WORK TASK :: Restate the lines of the material below word for word, from the first through the one containing "Bunte Räume und", and include nothing else; pictures stay out.

DATA SHOWN ::
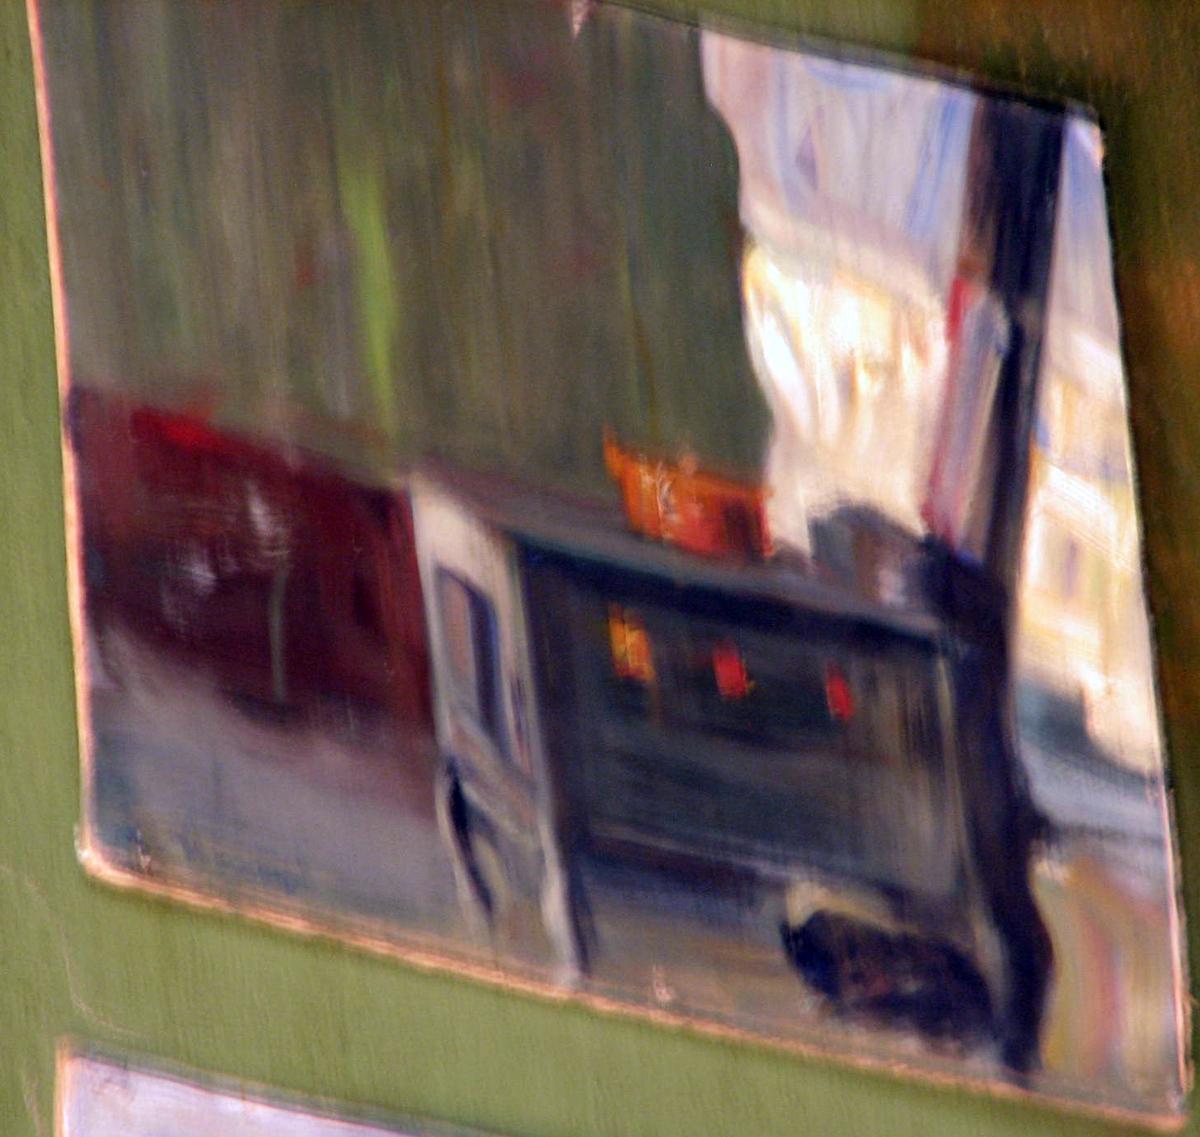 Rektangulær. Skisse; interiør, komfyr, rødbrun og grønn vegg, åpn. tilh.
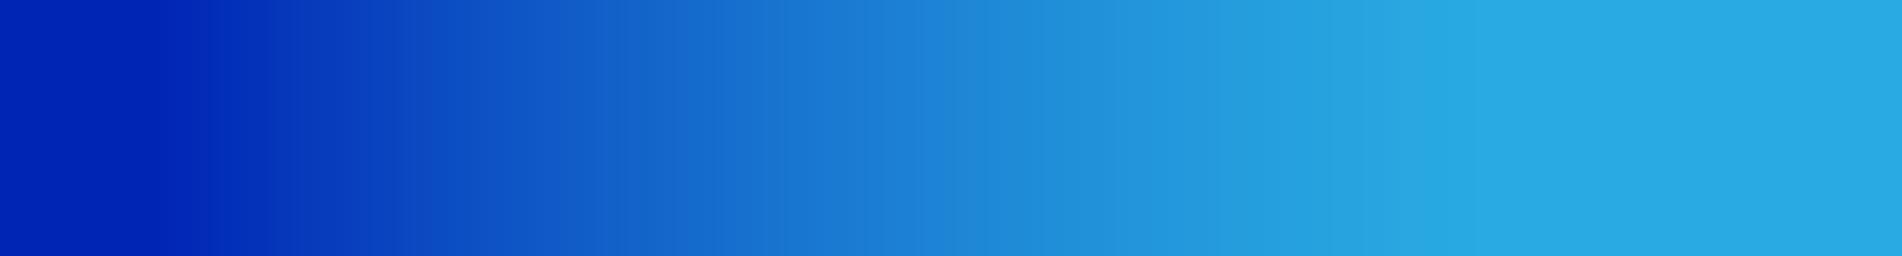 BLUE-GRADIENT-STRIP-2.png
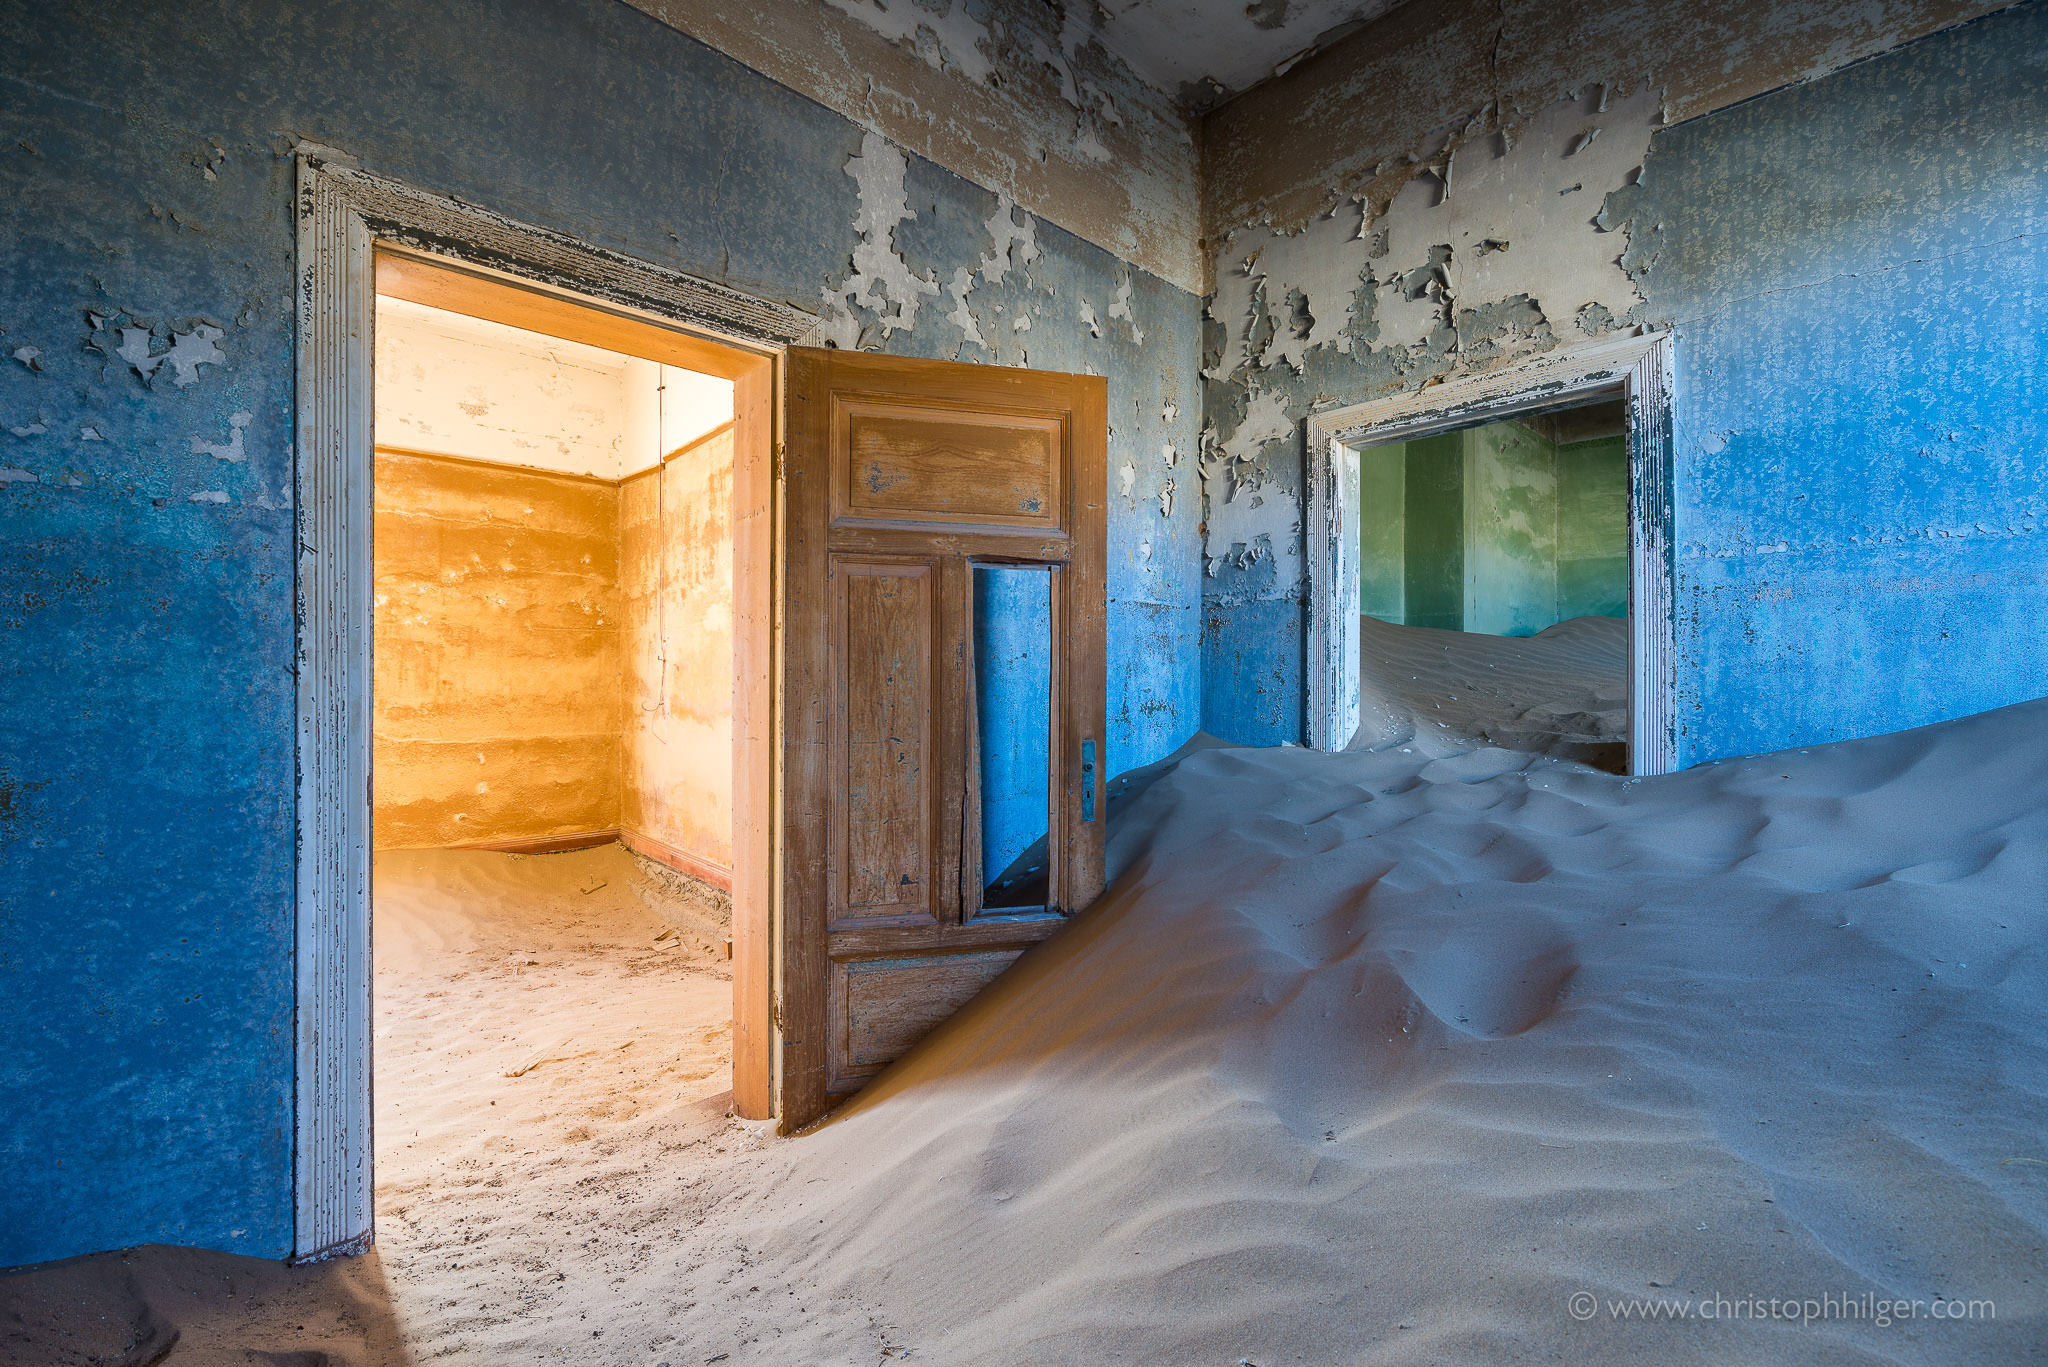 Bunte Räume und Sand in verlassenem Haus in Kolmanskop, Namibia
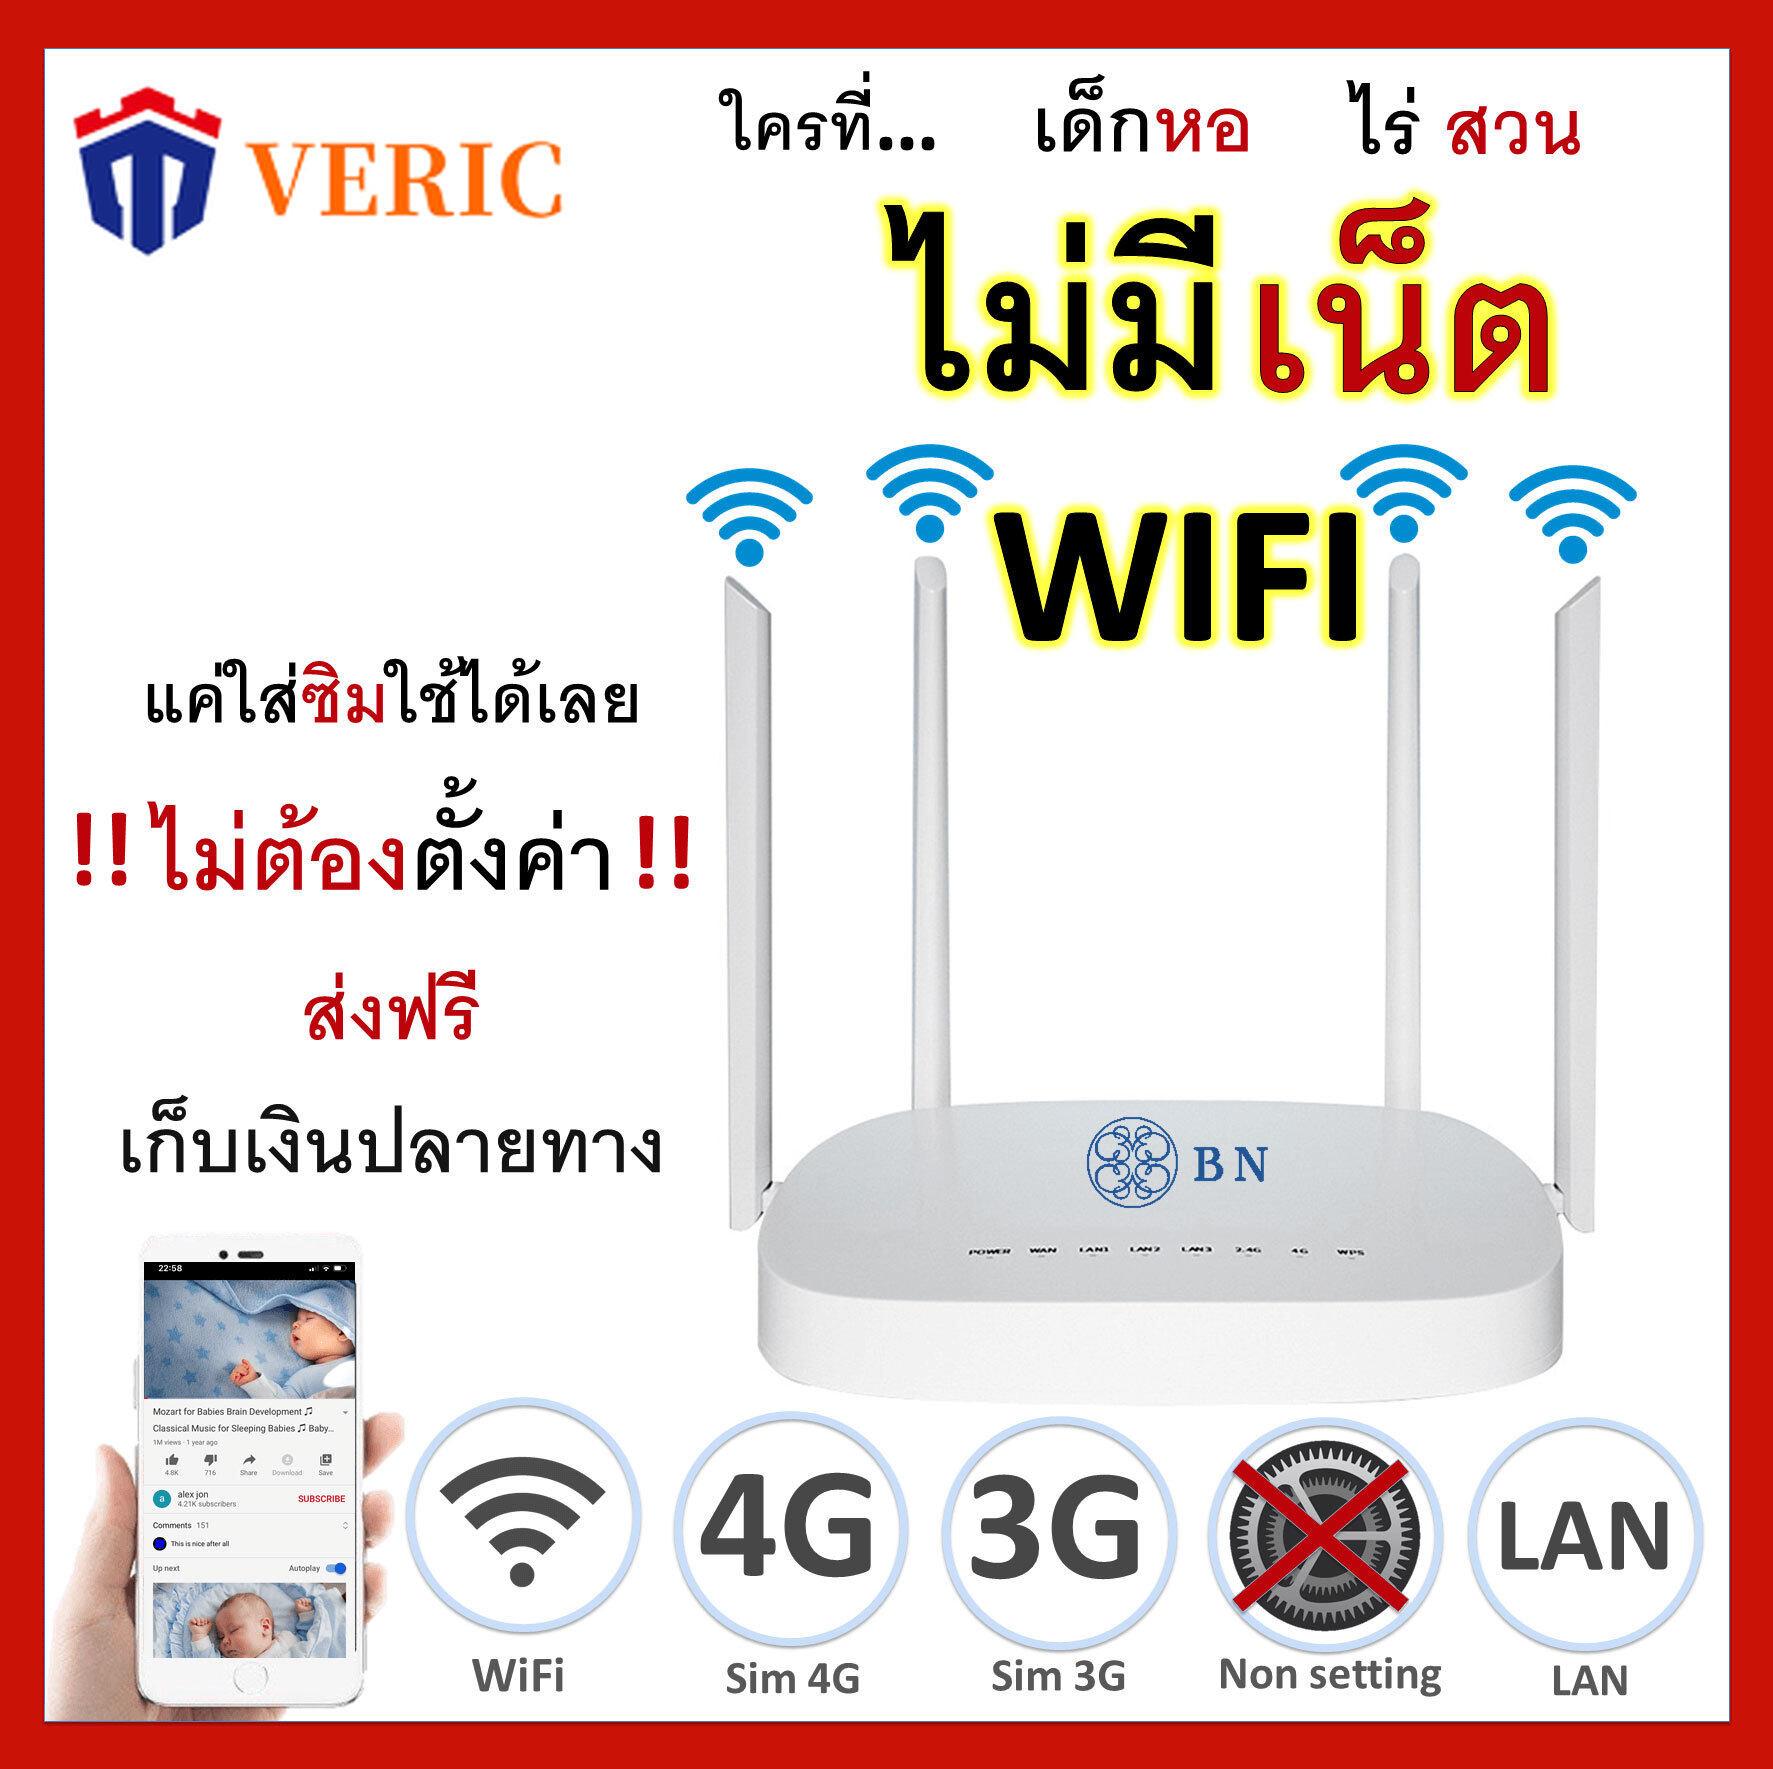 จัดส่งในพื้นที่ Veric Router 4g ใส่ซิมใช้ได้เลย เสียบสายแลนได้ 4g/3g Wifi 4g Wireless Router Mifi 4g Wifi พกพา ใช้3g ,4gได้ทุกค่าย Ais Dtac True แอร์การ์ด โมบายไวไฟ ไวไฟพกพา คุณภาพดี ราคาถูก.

ANSWER BOX ::
 Rektangulær. Skisse; interiør, komfyr, rødbrun og grønn vegg, åpn. tilh.
 BLUE-GRADIENT-STRIP-2.png
 Bunte Räume und Sand in verlassenem Haus in Kolmanskop, Namibia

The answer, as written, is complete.